The Mir mine ( kimberlitovaya almaznaya trubka "Mir"; English: kimberlite diamond pipe "Peace"), also called the Mirny mine, is an open pit diamond mine located in Mirny, Sakha Republic, in the Siberian region of eastern Russia. The mine is more than 525 meters (1,722 ft) deep (4th in the world), has a diameter of 1,200 m (3,900 ft), and is one of the largest excavated holes in the world.

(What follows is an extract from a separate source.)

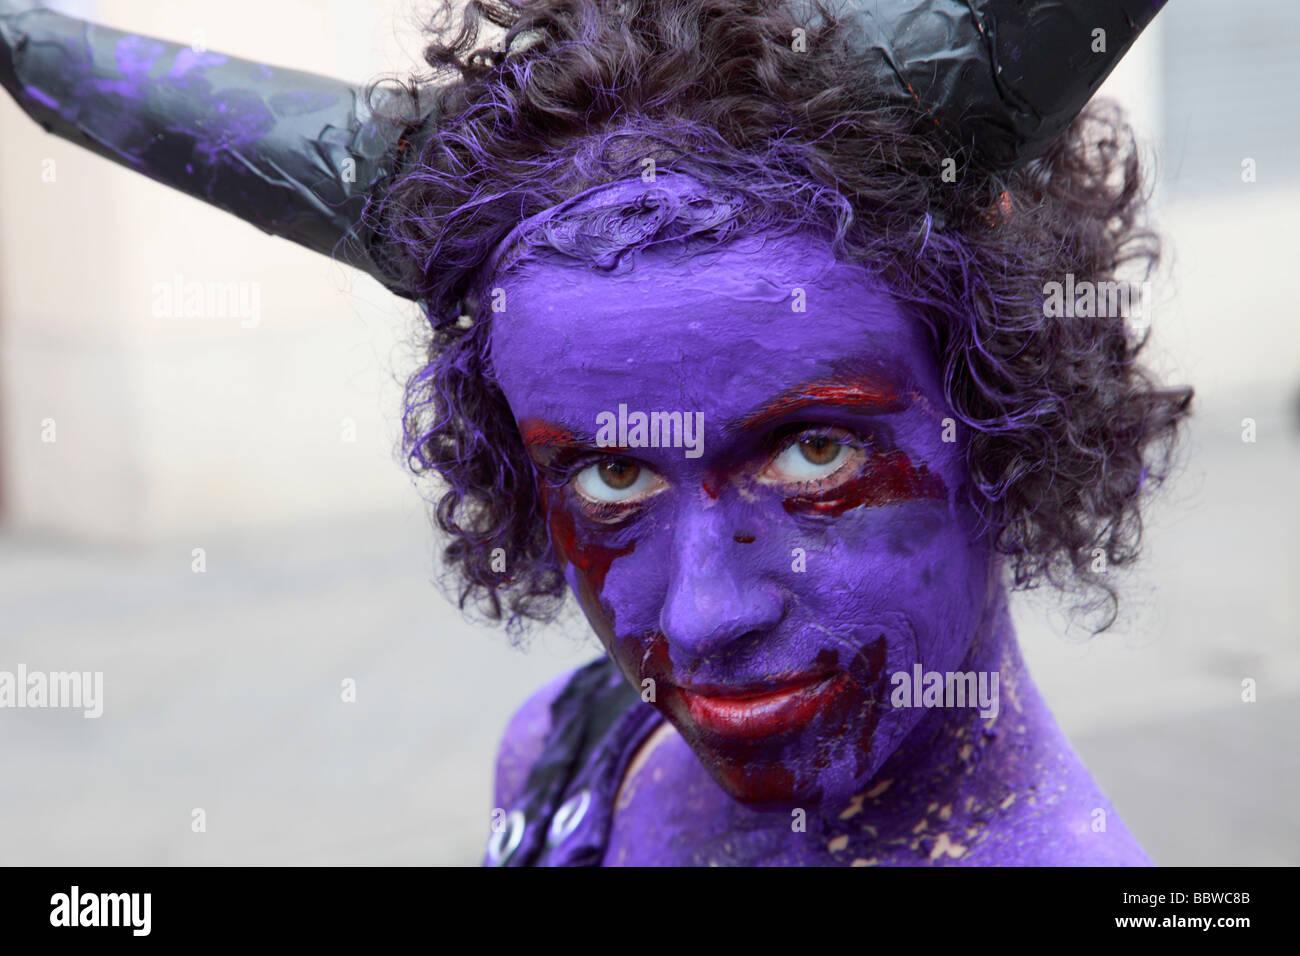 Allemagne Berlin Carnaval des Cultures femme avec visage peint Photo Stock

Open-pit mining began in 1957 and was discontinued in 2001. Since 2009, it has been active as an underground diamond mine.

Discovery 
The diamond-bearing deposits were discovered on June 13, 1955, by Soviet geologists Yuri Khabardin, Ekaterina Elagina and Viktor Avdeenko during the large Amakinsky Expedition in Yakut ASSR. They found traces of the volcanic rock kimberlite, which is usually associated with diamonds. This finding was the second success in the search for kimberlite in Russia, after numerous failed expeditions of the 1940s and 1950s. (The first was Zarnitsa mine, 1954.) For this discovery, in 1957, Khabardin was given the Lenin Prize, one of the highest awards in the Soviet Union.

Development 
The development of the mine started in 1957, in extremely harsh climate conditions. Seven months of winter per year froze the ground, making it hard to mine. During the brief summer months, the ground turned to slush. Buildings had to be raised on piles, so that they would not sink from their warmth melting the permafrost. The main processing plant had to be built on better ground, found  away from the mine. The winter temperatures were so low that car tires and steel would shatter and oil would freeze. During the winter, workers used jet engines to thaw and dig out the permafrost or blasted it with dynamite to get access to the underlying kimberlite. The entire mine had to be covered at night to prevent the machinery from freezing.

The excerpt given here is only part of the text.